16 June 2010

The Incredible Shrinking Outfielder


In 1999, I dabbled in an AL-only Rotisserie baseball team. During the draft, my partner and I agreed that the best values would leverage positional scarcity, not pure performance. We set our sights on drafting one of the three transcendent shortstops (ARod, Nomar, Jeter), the only plus-hitting catcher (Pudge), a couple of valuable second-basemen and a key DH asset.
 
Selecting at the end of a snake draft, we nabbed Nomar and Pudge with our first two picks, much to the consternation of our opponents, who were googly-eyes over big boppers like Carlos Delgado and Ken Griffey, Jr. We shocked the crowd again in the next two rounds, plucking Robby Alomar and Edgar Martinez from among a coterie of slugging first basemen and corner outfielders.
 
Not until the 9th round did we finally get around to staffing first. David Segui hit .305 with 19 dingers and 84 RBIs the year prior, certainly not the equal of guys like Mo Vaughn, but within shouting distance. We captured an entire infield of all-stars in exchange for the 20 homers and 40 RBI lost at first base. (We had the best offense in the league, a weak pitching staff and finished second overall.)
 
What made that strategy work was a pile of outfield (and first base, but that’s not so much the point here) bodies in MLB that year. Consider some of the outfield names of the day: Juan Gonzalez, Ken Griffey, Jr., Manny Ramirez, Bernie Williams, Albert Belle, Paul O’Neill, Tim Salmon, Shawn Green, Sammy Sosa, Moises Alou, Greg Vaughn, Barry Bonds, Vlad Guerrero, Tony Gwynn, Larry Walker. Every one of them had a Hall of Fame year in 1998. The best hitters of the day patrolled the distances or made the stretch on 6-4-3s.
 
Now, name the best outfielder in baseball today.
 
Go ahead. I’ll wait.
  
(Whistles Jeopardy theme...)
 
Stuck on Ryan Braun? Jeff Kemp? Grady Sizemore? The remnants of Ichiro perhaps?
 
A list of the top 10 hitters by OPS last year includes just two deep-fly catchers -- Joey Votto and Derrek Lee. You have to reach down to #6 on the list in the AL today to find an outfielder – Alex Rios of Chicago. Not exactly Sammy Sosa. In the NL, Andre Ethier and Colby Rasmus are 1-2 in OPS. Today. Check back in September. Neither has this kind of pedigree. (To be fair, they may turn out to. Rasmus is a sophomore; Ethier has a four-year record of accomplishment, though this would represent a quantum leap.)

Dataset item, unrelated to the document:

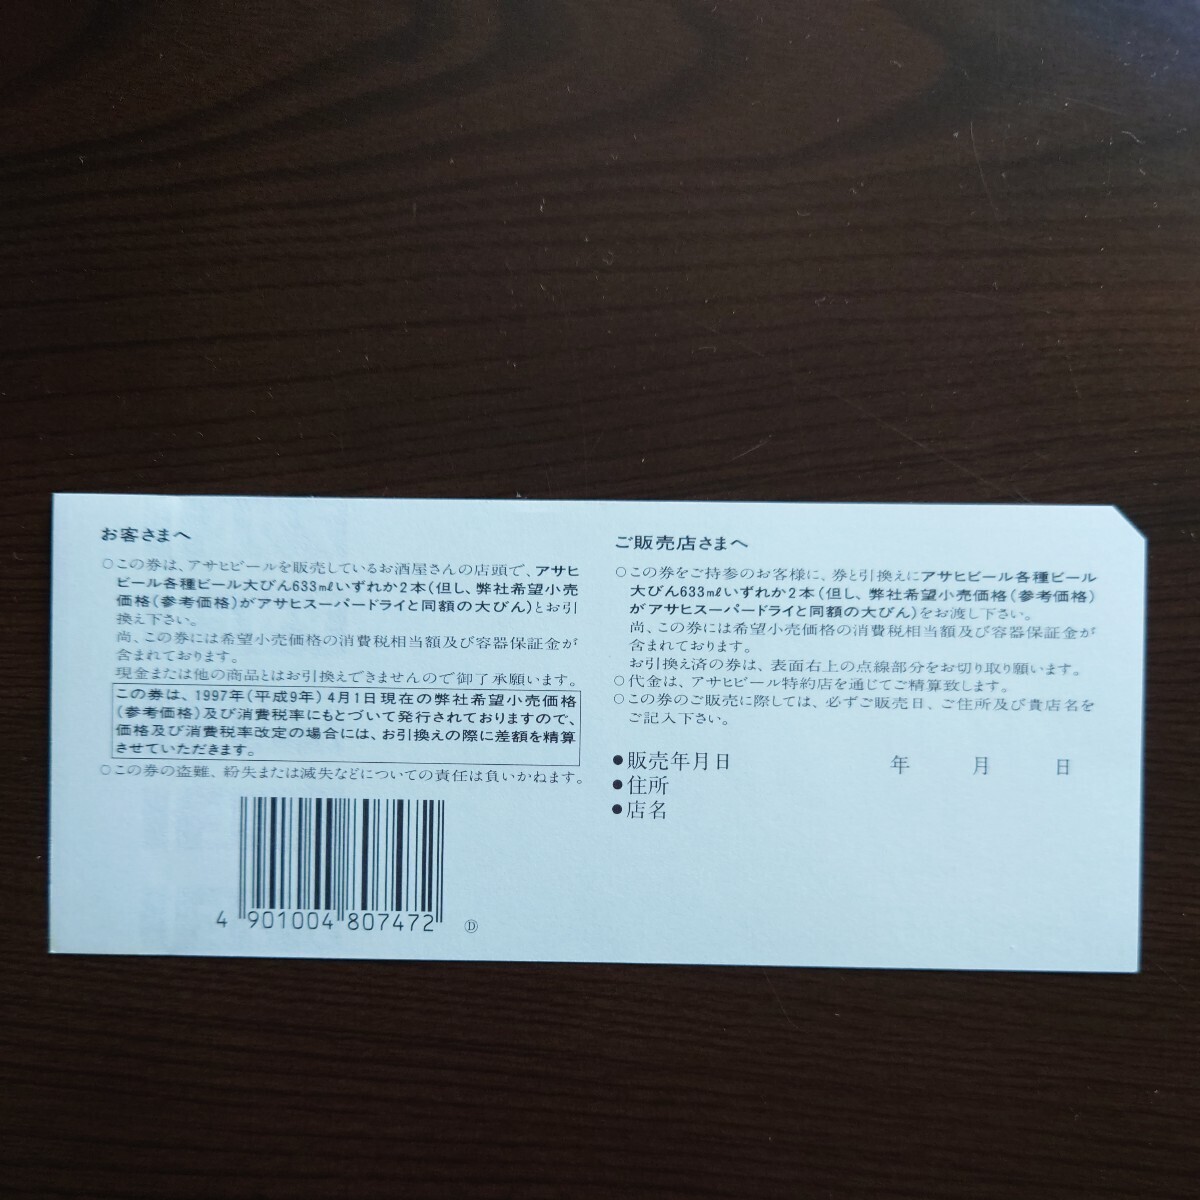  Asahi пиво подарочный сертификат большой бутылка 2 шт ×10 листов (20 минут )[ бесплатная доставка ]

That's heads; tails is where all the batsmen have gone. Today, shake a tree and a middle infielder with a good stick will fall out. Cano, Zobrist, Mauer, McCann, Jeter, Posada, Furcal, Escobar, Tulowitzki, Uggla, Utley, Pedroia, and Rollins jump to mind. Pivotmen and backstops, all. There are no 5’8” 160-pound slapsters filling the infield positions anymore. If Adonis can handle the position defensively, his team will gladly leave him at short.

Whether it's a paradigm shift or just a phase we're going through, it's one I don't think baseball has ever seen before. Put me in coach! I want to play centerfield!